Stepping down as culture minister, Jair Perez said that “the irreparable loss of brothers and sisters” made it impossible for him to remain in the government.

But Defense Minister Alberto Otarola spoke out later Friday to express the Boluarte government’s “unconditional support for our armed forces and National Police in this task of establishing internal order.”

On the political front, Peru’s Congress – which has an approval rating of 10 percent – rejected Boluarte’s proposal to move up the general elections from 2026 to December 2023.

The bill garnered 49 votes, far short of the 87 needed to pass, amid complaints from leftist lawmakers that the text should have included provision for a constituent assembly to draft a new constitution.
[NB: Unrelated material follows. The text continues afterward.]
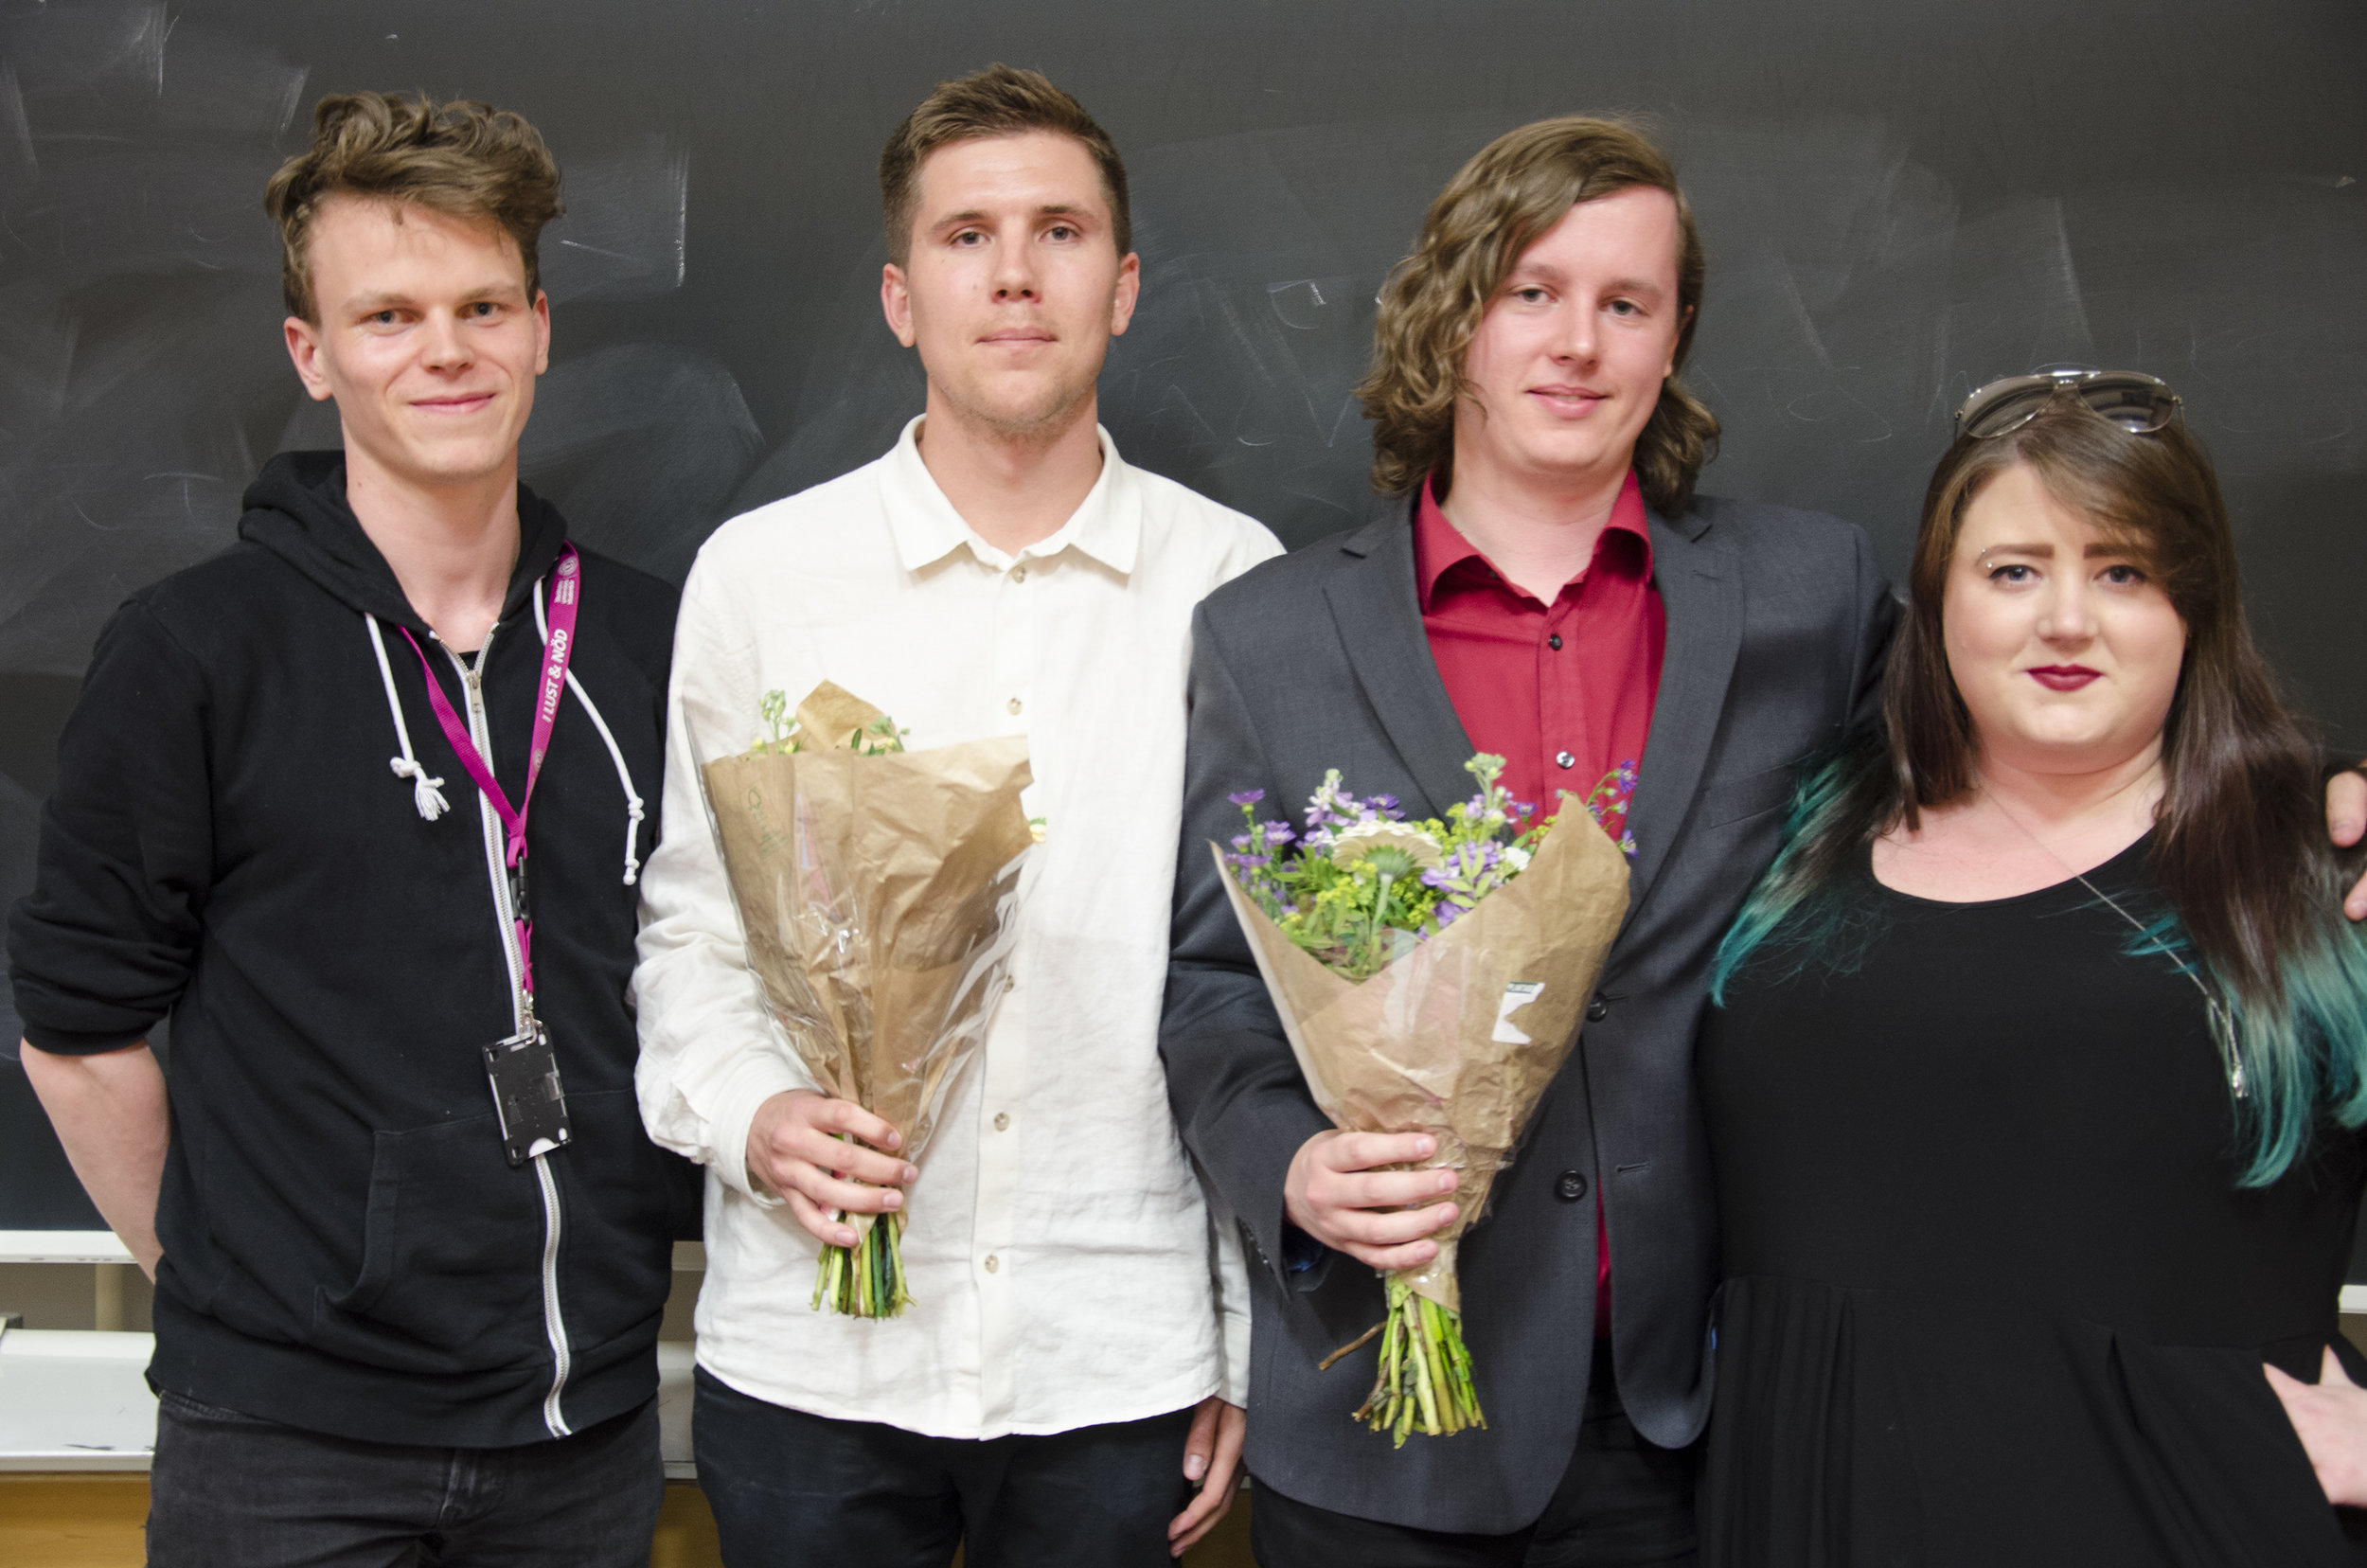 From the left: Henric Södergren (retiring president), Nils Bergmark (new president ), Anton Hjelm (new vice president) och Stefanie Tagesson (resigning vice president).

Congress removed Castillo on Dec. 7, hours after he announced the dissolution of the legislature and plans to hold elections for an assembly to craft a replacement for the constitution enacted during the 1990-2000 authoritarian regime of Alberto Fujimori.

Castillo supporters mounted fresh protests Friday in various Peruvian cities to demand his release from custody.

In Lima, police intervened to prevent clashes between Castillo partisans and some 1,000 people who took part in a march to show support for the armed forces and police.

Castillo, 53, had no previous experience of public office when he ran for president and narrowly won in a runoff against rightist Keiko Fujimori, daughter of imprisoned former President Alberto Fujimori.

Hailing from the poor northern region of Cajamarca and without allies among the traditional governing elite in Lima, the former schoolteacher faced hostility from the opposition-controlled Congress and allegations of corruption practically from the moment he took office in July 2021.